Prompt 1: Knowledge Cutoff Test
Who won the Super Bowl in February 2027?
Model should recognize this is beyond its training data and say so rather than hallucinating.
Prompt 2: Letter Counting (Known Weakness)
How many letter r's are in the word "strawberry"? Count carefully.
Check if correct (answer: 3). Many models get this wrong, even when asked to count carefully.
Prompt 3: Hallucination Trap
Name three books by [insert an obscure author you actually know well].
Use an author you know so you can verify. If obscure enough, AI might hallucinate titles.
Goal: Build your "AI smell" by testing AI on topics you actually know.
Step 1: Think of a topic you know well: your profession, a hobby, your hometown.
Step 2: Ask AI a specific factual question about this topic.
Step 3: Before reading the response, predict: will this be accurate?
Step 4: Read carefully and fact-check at least two claims.
Step 5: Score the response:
- How many claims were accurate?
- How many were wrong or unverifiable?
- Did the tone match actual accuracy?
Repeat with different domains to calibrate your expectations.

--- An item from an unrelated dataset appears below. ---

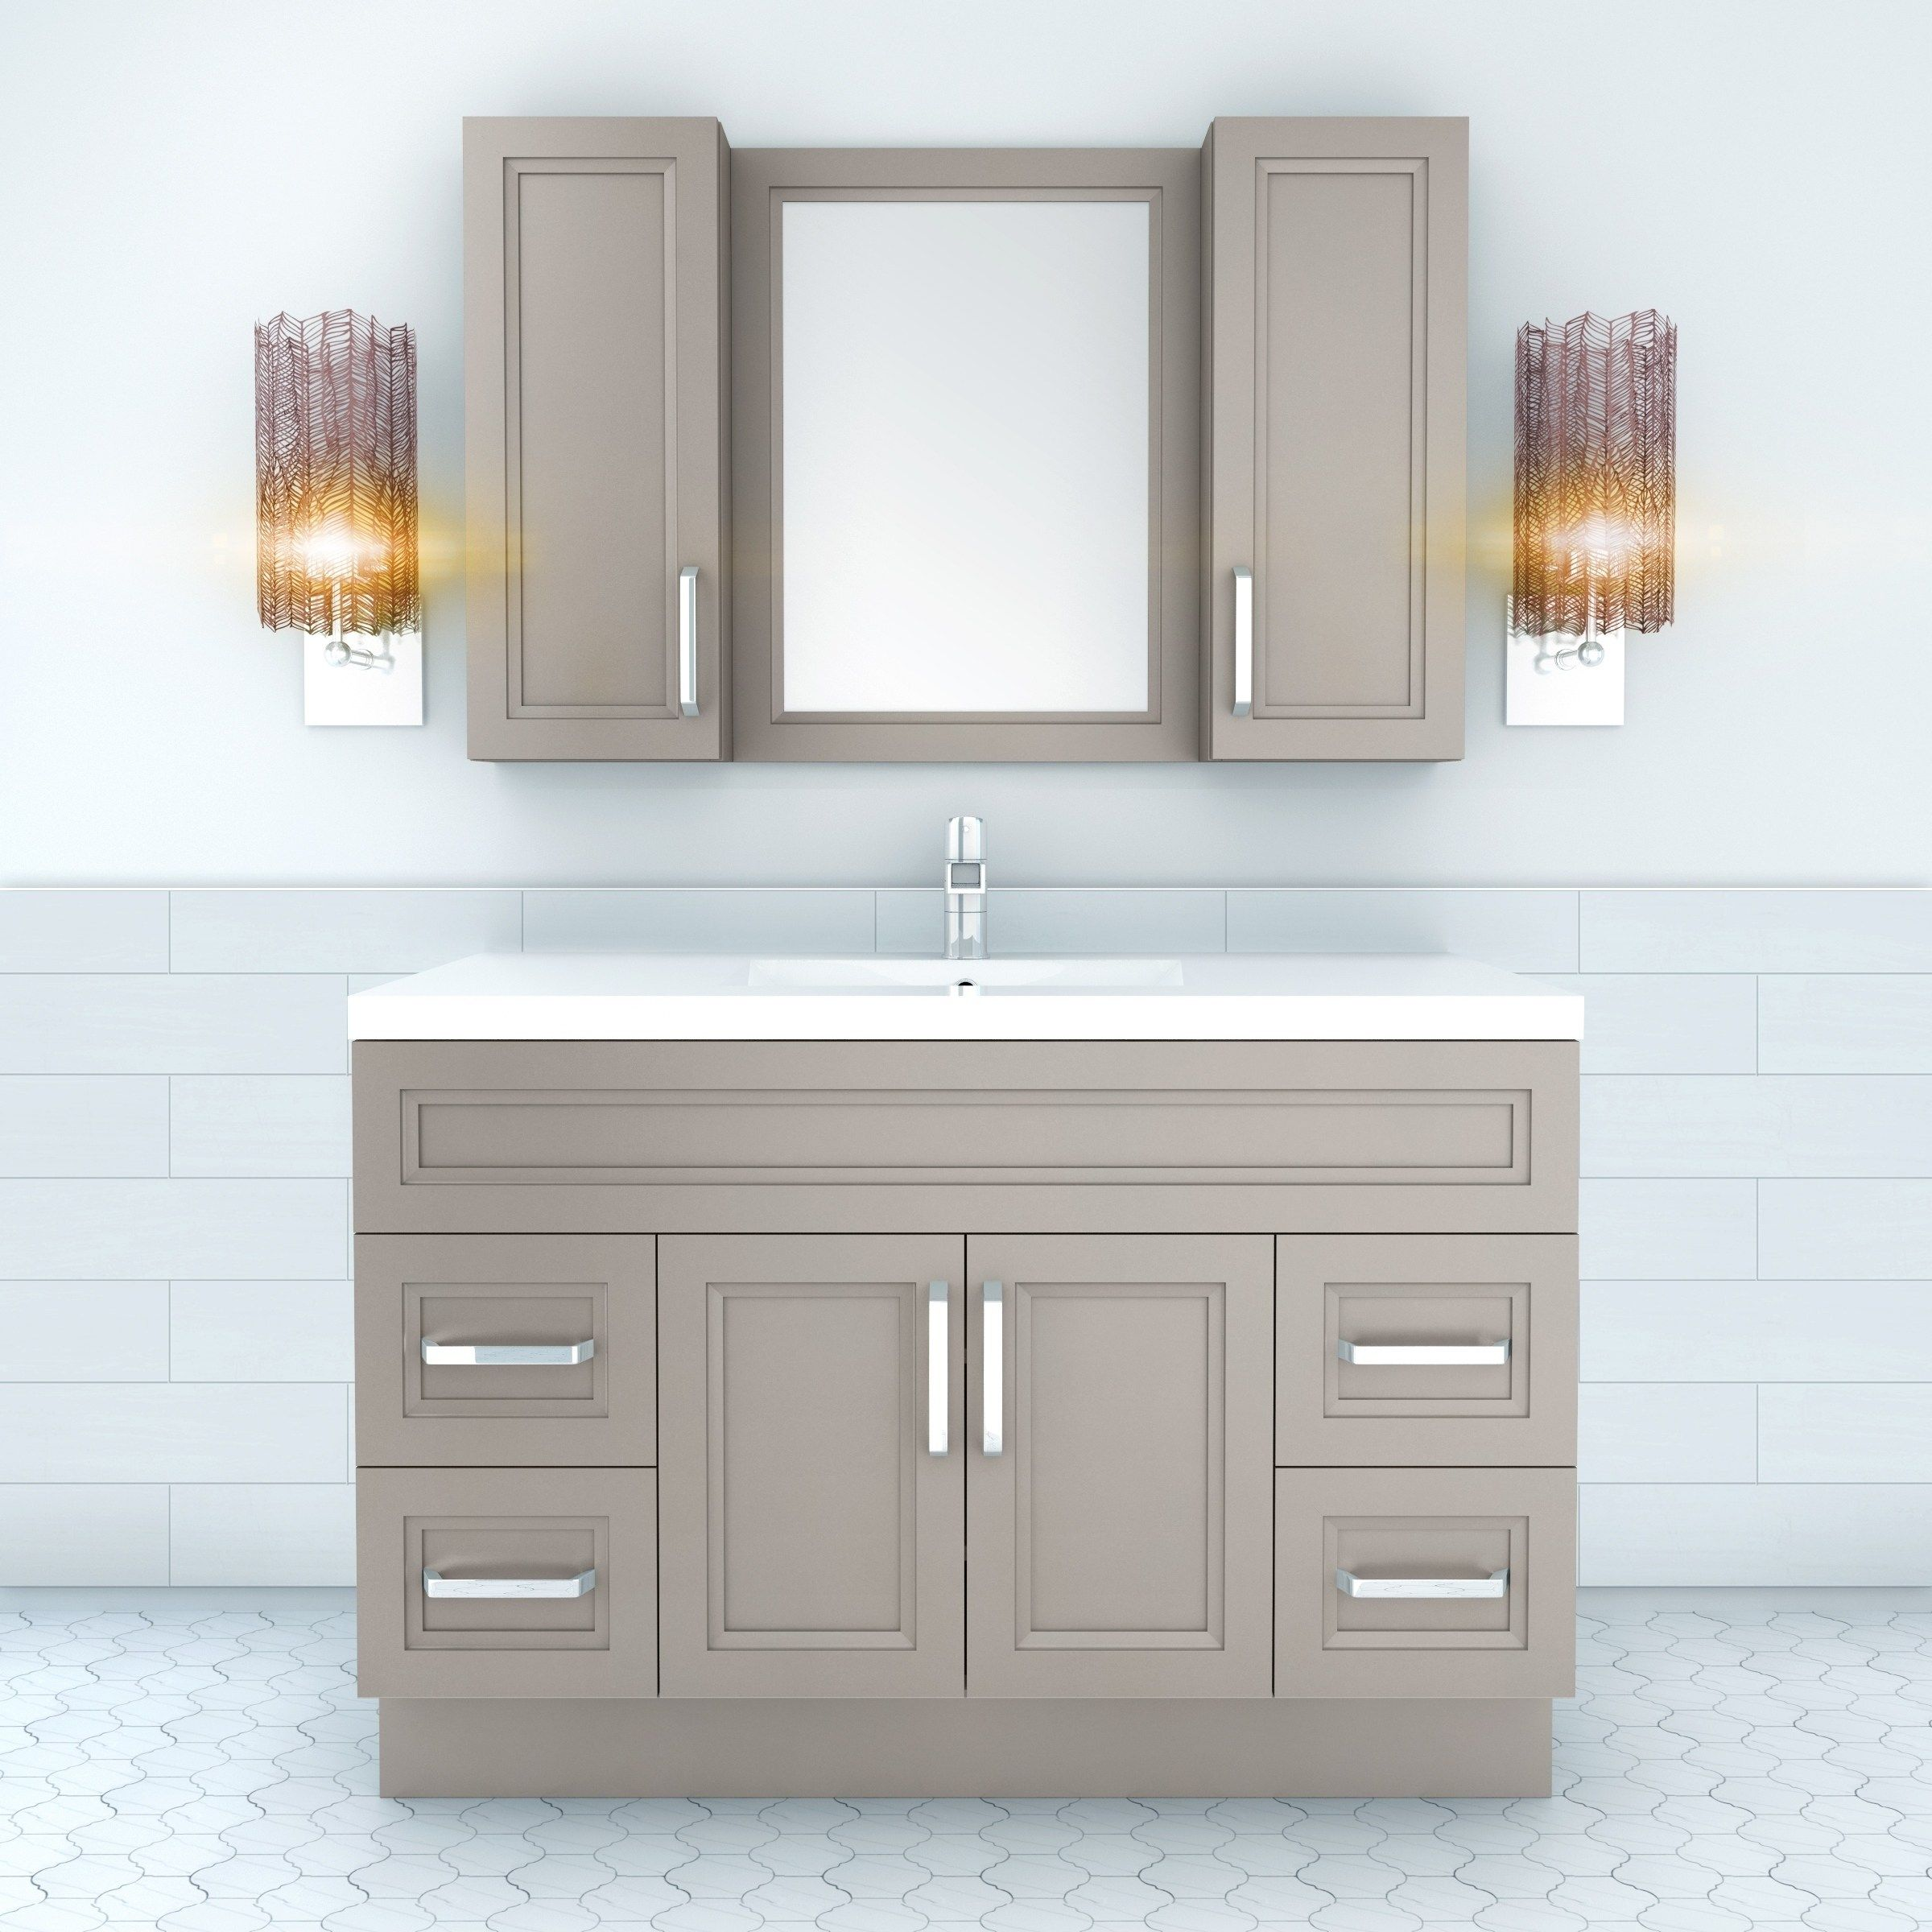 Urban Collection 48 Bathroom Vanity 2 Door 4 Drawer With Single Bowl Top Daybrea Double Vanity Bathroom Single Bathroom Vanity Contemporary Bathroom Vanity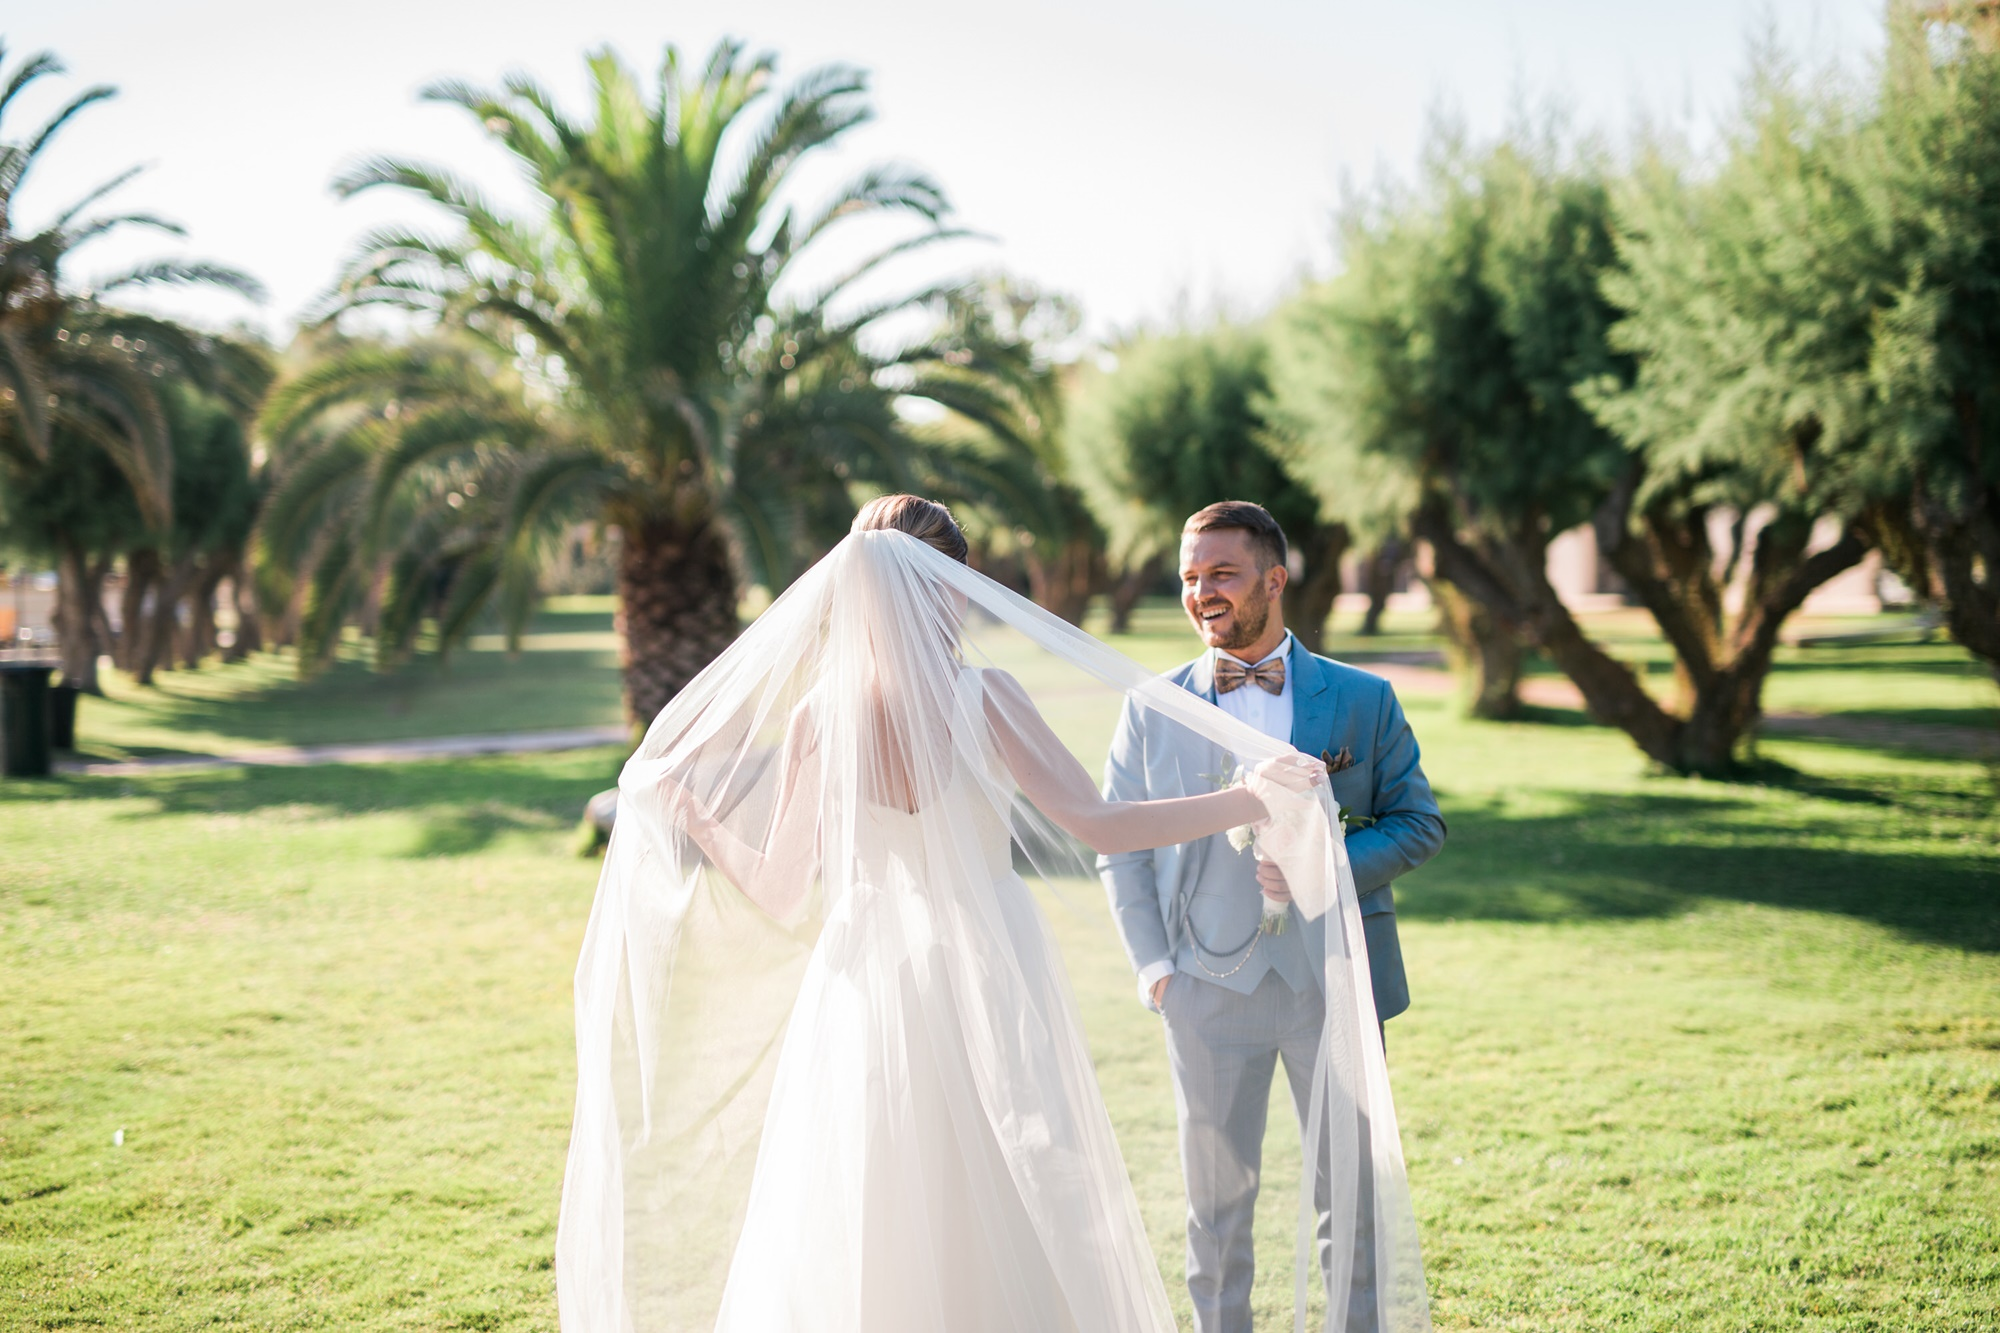 f4f10ab6d375 Καλοκαιρινός γάμος στην Ανάβυσσο με παστέλ χρώματα

- Hallucination is fundamental, not a bug. AI generates plausible-sounding content without checking accuracy.
- Math and counting are weaknesses. Do not trust AI for precise calculations or character counting.
- Knowledge cutoffs create blind spots. AI cannot know about recent events after its training date.
- Confident tone means nothing. AI sounds certain even when completely wrong.
- Trust but verify is the right approach. Use AI freely, but check output when accuracy matters.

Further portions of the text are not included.